I took November off to write—something I have never done before officially (unofficially I have refrained from actively seeking new contracts in the interests of spending time with words … but often to my detriment as the gnawing worry of lack of income undermines the ability to sit down and concentrate on a novel). This time I had the luxury of knowing I had work lined up at the end of the month. I treated the November novel month as a contract with myself, determined to write a minimum of four hours a day and aiming at six or eight.

I decided to write a story inspired by a visit to Annapolis several years ago when on visiting one of the historical houses I learned about indentured servants. I wondered what it might take to persuade someone to voluntarily put themselves in complete servitude in exchange for travel to the Americas. Could love be a motivator?

The week before writing officially began, I dedicated my time to putting together character studies and period research. I’ve set the novel in 1740, beginning in London, jumping to New York and Philadelphia, then back to London, over the course of five years. I did not intend to write another novel about crossing the Atlantic, but that seems to have happened. I would have liked to have had more time for research but I ended up working on my last contract right up to late October.

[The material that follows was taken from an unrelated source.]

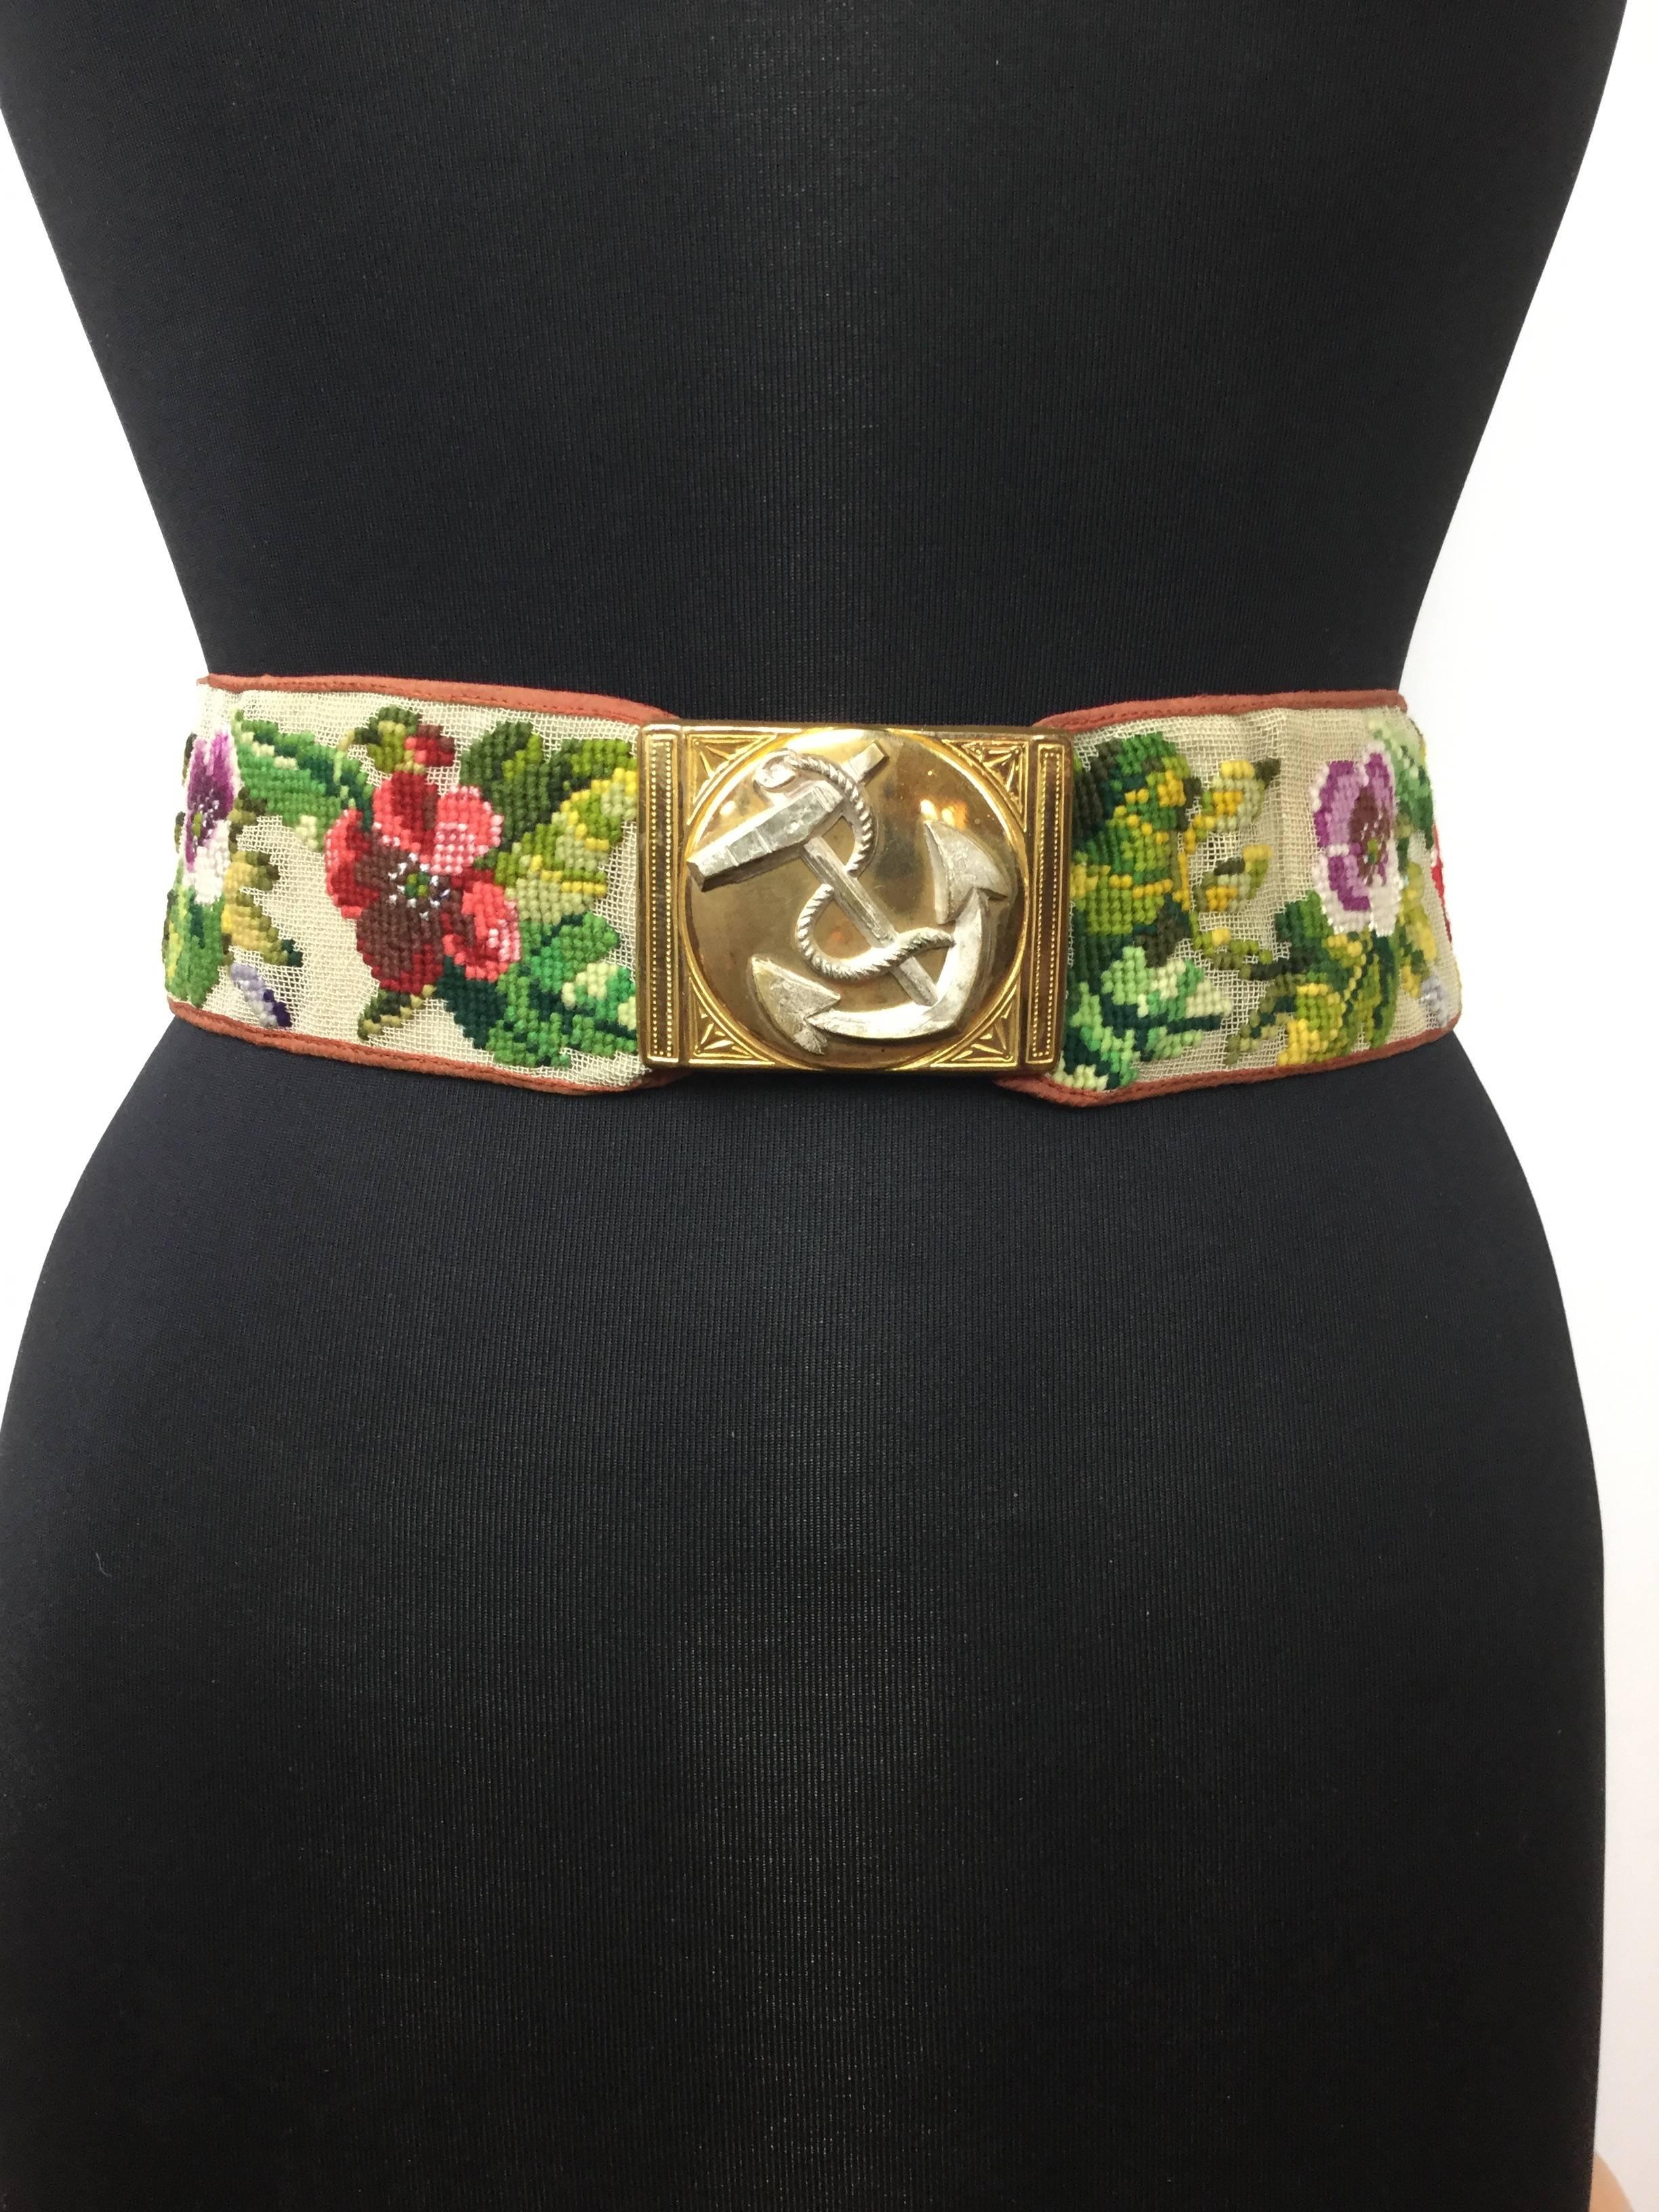 Rare Victorian Berlin Wool Work Floral Belt. Hand Stitched. 1870's. For Sale 2
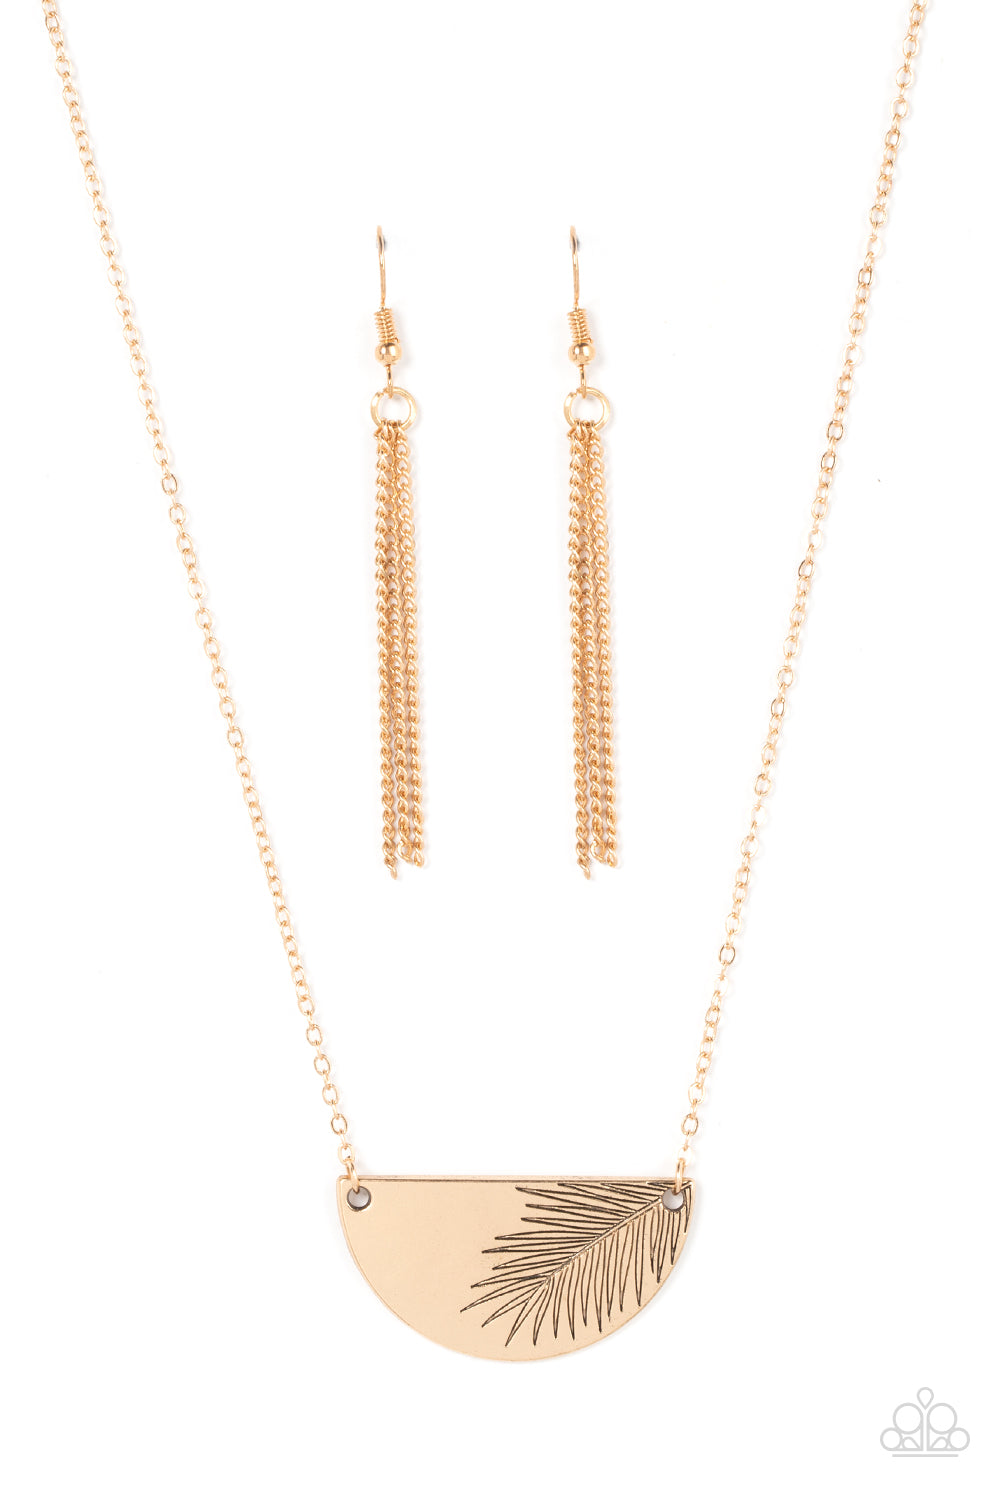 ​Suspended between the center of a dainty gold chain, a glistening gold half moon plate is stamped in an antiqued palm leaf for a seasonal flair. Features an adjustable clasp closure.

Nano encourages word count, with a winning participant culminating a total 50000 words over the 30 days of November. I managed an average 2500 per day, with my best day writing just shy of 6000 words. I tied the structure of the novel to the calendar days, knowing when I wanted to hit certain plot points. The most difficult points to achieve happened in the middle of the month, and with a week to go I jumped ahead to the third part of the novel. I wrote the final sentence on the last day of November, some time late afternoon or early evening, to great satisfaction. I finished with 74000 words down on (virtual) paper, and a giant hole in the middle of the story. The last sentence? [spoiler alert!]:

“Each of them basked in the promise of a future that neither of them had ever dreamed possible.”

I guess as much abuse as I put my characters through (I’ve learned I like to abuse my heroes), things turn out all right in the end.

My goal now is to fill that giant middle-of-the-story hole and edit the rest of the 74000 word manuscript. I intend to publish each of the three parts electronically through this year, and release a full print version at the end. I’ve been rereading the novel this week as a first step, and am happy to find myself fully engrossed.